Millennials are still terrified of stocks.

The market may have rebounded from the Great Recession lows, but millennials confidence in the investing process hasn't. Millennials invest less than 30% of their wealth in the stock market, according to a Deloitte Touche Tohmatsu Limited study. Here are three reasons why millennials are still suspicious of the stock market.

They Were Scarred By the Financial Crisis

Millennials came of age at the turn of the century - and during the worst financial crisis since the Great Depression.

"Just as Depression-era folks have certain money relationship characteristics that were formed based on their experiences, so do millennials," Egan, Berger & Weiner, LLC certified financial planner Howard Pressman told TheStreet. "I once spoke with a young couple about investing and they told me that they didn't want anything in stocks. The husband told me that his grandfather had lost everything during the 2008 crisis. Me telling him that it wasn't the market's fault wasn't going to help. Grandpa should never have been invested so aggressively that losing it all was a risk."

Millennials who still have decades before retirement shouldn't let "emotional responses" to market swings motivate their investment decisions, Pressman said. Investing now with a diverse portfolio will give their savings the opportunity to compound over time, while insulating them from market swings.

Learn from grandpa's mistakes.

Their Parents Overemphasized Saving

Millennials weren't the only ones traumatized by 2008. Their parents were as well, and started drilling the importance of saving into the minds of their kids.
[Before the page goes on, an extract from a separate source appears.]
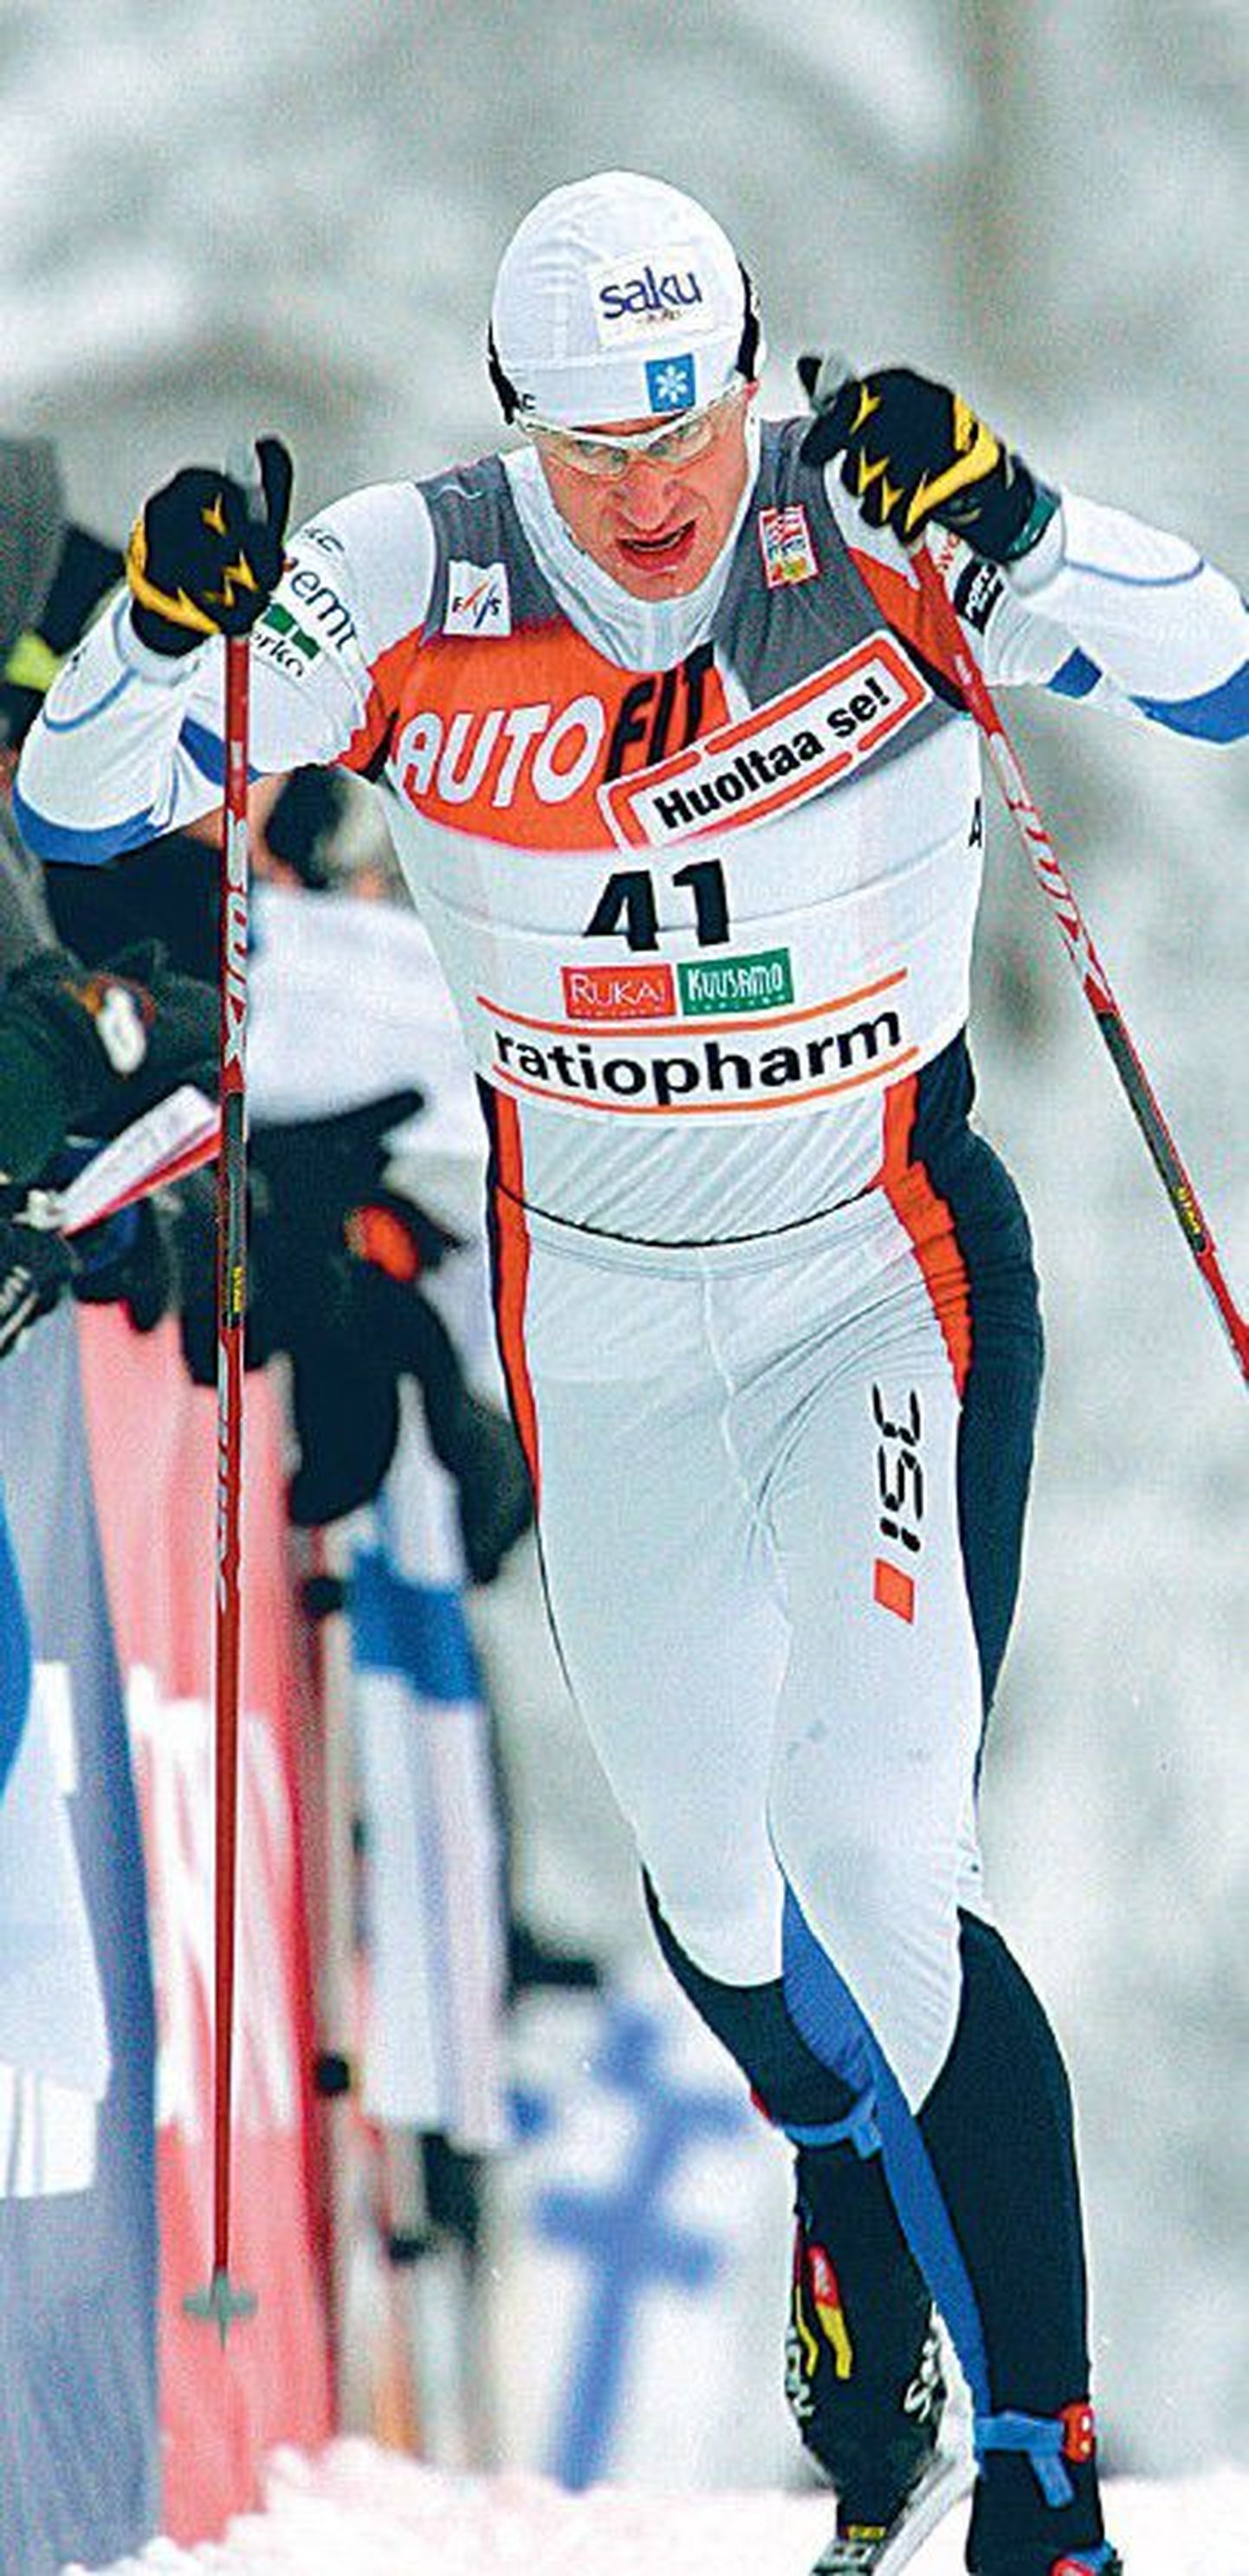 31-aastase Priit Naruski parimaks tulemuseks sel hooajal jäi Kuusamo MK-etapi 19. koht. Eesmärgid ei täitunud.

"What the Great Recession did is forced people to talk about money," certified financial planner and PNC Investments senior vice president Rich Ramassini says. "Either way, the conversation that parents were having was 'because we have saved we can withstand this volatility' or 'we didn't do this and that's why dad's taking the bus to work or we're moving to a smaller house.'"

Millennials tend to keep 25% of their retirement savings in cash according to a Charles Schwab & Co. study of client data, compared to 19% for the average investor. Risk-averse 20-somethings shouldn't rely too heavily on cash though according to Ramassini, as cash doesn't have the potential to keep step with inflation like stocks.

They Have a Ton of Debt

A lot of millennials think they are too far in debt to enter the stock market, but Harvest Advisors certified financial planner Monica Dwyer warns that it would be a mistake to let student loans distract from building an investment portfolio.

"Work to pay down debt but not necessarily at the cost of putting money aside for retirement or other financial goals," Dwyer explains. "If you are paying off low interest debt from student loans, spread that out over time."

Time is an investor's greatest advantage in the stock market, Dwyer says, and cautions millennials against spending the first half of their careers "waiting on the sidelines" of the stock market until they are debt free. Wait too long, and you may be watching companies such as Apple (AAPL - Get Report) and Amazon (AMZN - Get Report) surge beyond a $1 trillion valuation.

"Slow and steady is the name of the game," says Dwyer.